Aux confins de l’Alentejo, dans le centre du Portugal, un éleveur de bovins qui a déjà perdu vingt vaches depuis la fin de l’été, regarde avec tristesse la prairie jaunie par le soleil où paissent ses bêtes et désespère de voir tomber la pluie.
« Je n’ai jamais vu une sécheresse pareille », confie impuissant Antonio Granadeiro, un éleveur de 64 ans du village d’Alpalhão, à une trentaine de kilomètres de la frontière espagnole, devant des mares à sec, au sol dur et craquelé.
« Je consulte tous les jours la météo, en espérant qu’il va enfin pleuvoir, mais je n’y crois plus », maugrée cet homme brun au visage marqué, en enchaînant les cigarettes.
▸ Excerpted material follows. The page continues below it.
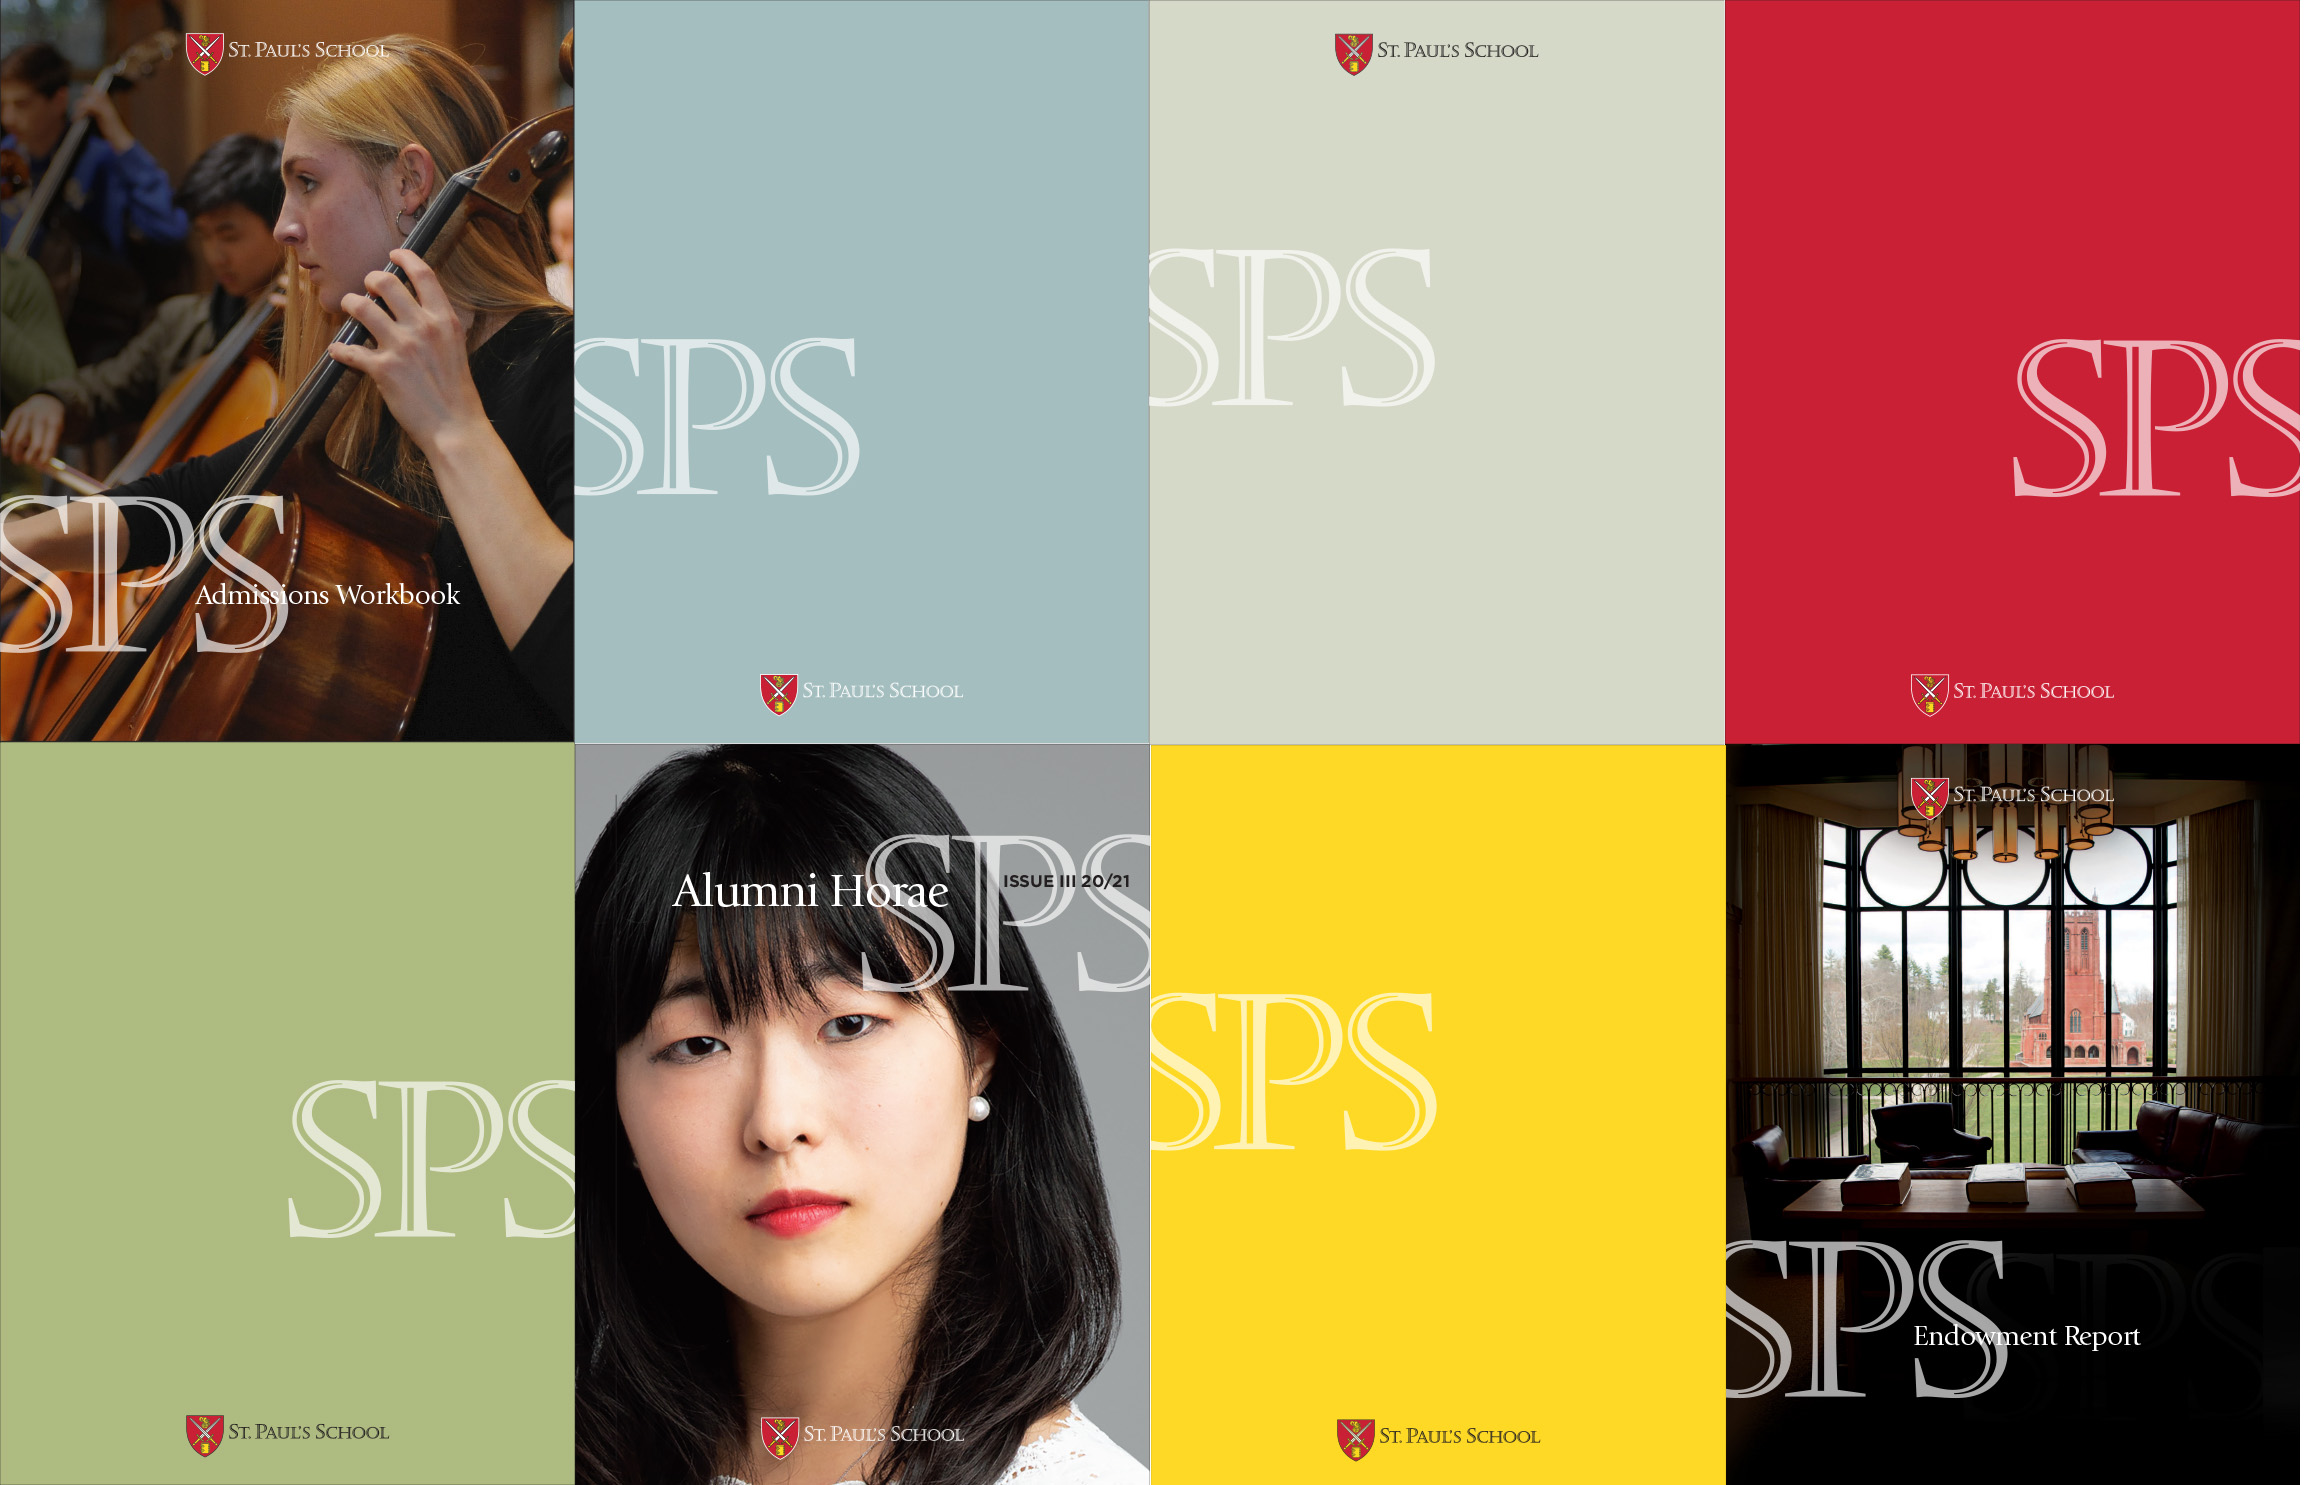 Various applications of the SPS St. Paul's School graphic on marketing materials

« Regardez! », lance-t-il en montrant le lit sec de la petite rivière Figueiro, un affluent du fleuve Tage qui coule à l’extrémité de son terrain.
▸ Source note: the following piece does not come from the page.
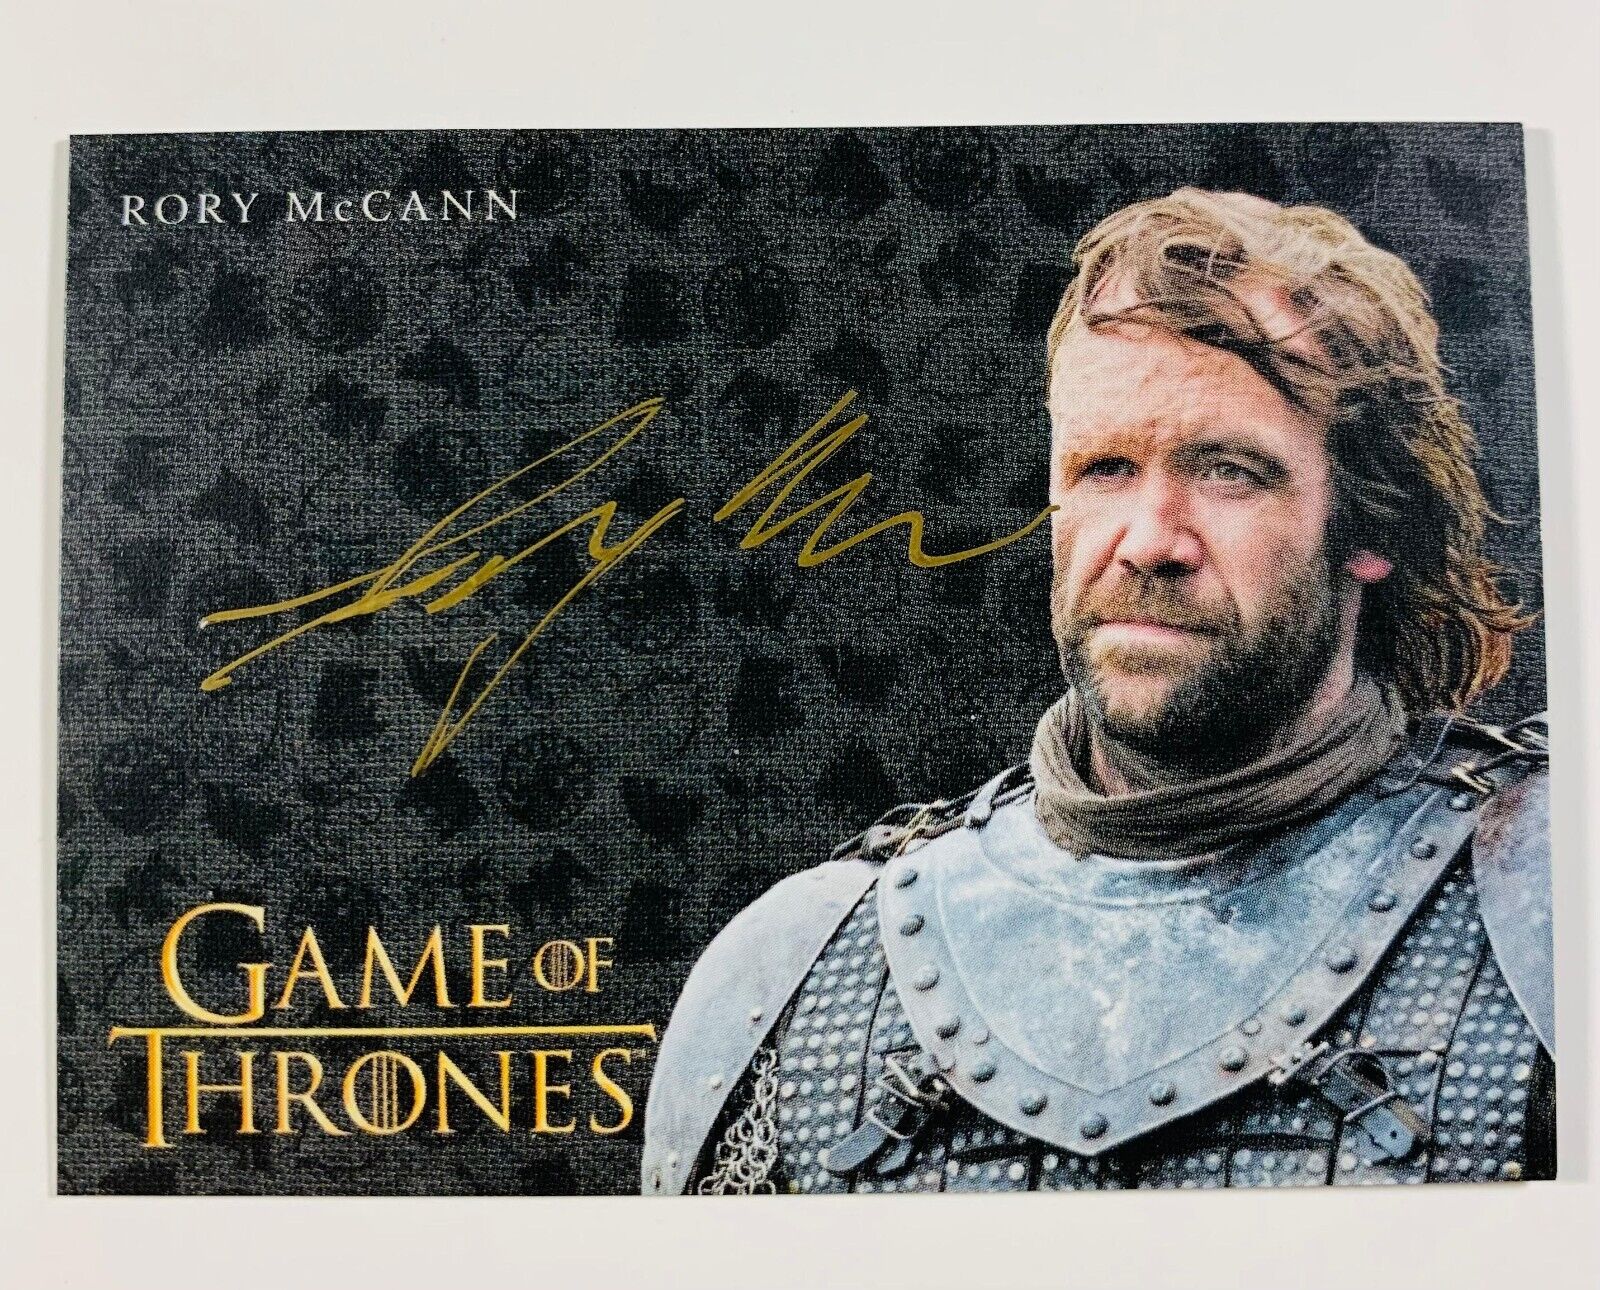 GAME OF THRONES RORY MCCANN AUTO SANDOR CLEGANE HOUND SIGNED AUTOGRAPH CARD 2017

« Je n’ai jamais vu ça. Pas une goutte d’eau! », constate avec désespoir l’éleveur qui doit abreuver ses quelque 800 bêtes en acheminant de l’eau par camion-citerne.
« Mais mon principal souci, c’est nourrir mes bêtes. J’avais acheté du foin pour tenir jusqu’en février. Mais les stocks sont presque vides », assure-t-il.
Comme les vaches n’ont plus rien à brouter, Antonio Granadeiro est forcé de puiser dans son stock de fourrage hivernal, qui est aujourd’hui bien entamé.
« J’ai déjà perdu 20 bêtes, attaquées par des tiques », déplore-t-il. Même si le lien avec la sécheresse n’a pas été formellement établi, pour lui cela ne fait pas de doute. « Les terrains sont secs si bien que les tiques ne meurent pas et continuent de propager des maladies. »
Un agriculteur voisin, Joao Curvo, fait le même constat: « C’est une année totalement différente! On est en T-shirt. Normalement à cette époque de l’année, nous sommes bien plus couverts ».
« Regardez ces olives! Beaucoup ont mûri début octobre, alors que d’habitude cela a lieu plutôt fin novembre, mais ce n’est pas le cas pour d’autres », se désole-t-il.
Les olives mûres qui ne sont pas cueillies « tombent et se dessèchent rapidement. Ensuite, elles ne peuvent plus être ramassées », dit-il.
Alors pour tenter de sauver la récolte, il a dû se résoudre à les cueillir plus tôt que d’habitude.
« Mais il va falloir faire un deuxième passage mécanique ou bien alors terminer la récolte à la main, en battant les oliviers avec un bâton pour faire tomber les dernières olives. Cela va nous prendre le double du temps », soupire-t-il.
Comme l’Alentejo, l’ensemble du territoire continental portugais est frappé d’une sécheresse « sévère » ou « extrême », selon l’institut météorologique national. Le pays a connu le mois d’octobre le plus chaud depuis 1931, date des premières données comparables.
Cette situation a conduit à un assèchement des sols, qui s’est encore accentuée début novembre, particulièrement dans le sud du pays, où la teneur en eau est passée sous la barre des 20% par endroits.
« Le problème de cette sécheresse c’est qu’elle aura des répercussions au-delà de cette année », explique à l’AFP Fremelinda Carvalho, présidente de l’Association des agriculteurs du district de Portalegre (centre), qui représente quelque 3.800 professionnels de la région.
« L’année dernière déjà il y avait eu très peu d’eau. Les réserves sont en train de disparaître », ajoute-t-elle précisant qu’il faudrait qu’il pleuve longtemps pour retrouver les niveaux des années précédentes.
La sécheresse affecte même l’approvisionnement en eau des populations. À Viseu, ville située à 300 km au nord de Lisbonne, la situation est critique. Une noria de cent camions-citernes transporte depuis ce week-end de l’eau d’un barrage situé à une soixantaine de kilomètres à la retenue d’eau qui alimente cette commune de près de 100.000 habitants.
« C’est une situation dramatique », s’exclame Fremelinda Carvalho. « Je n’ose même pas imaginer qu’il ne pleuve pas dans les prochains jours! ».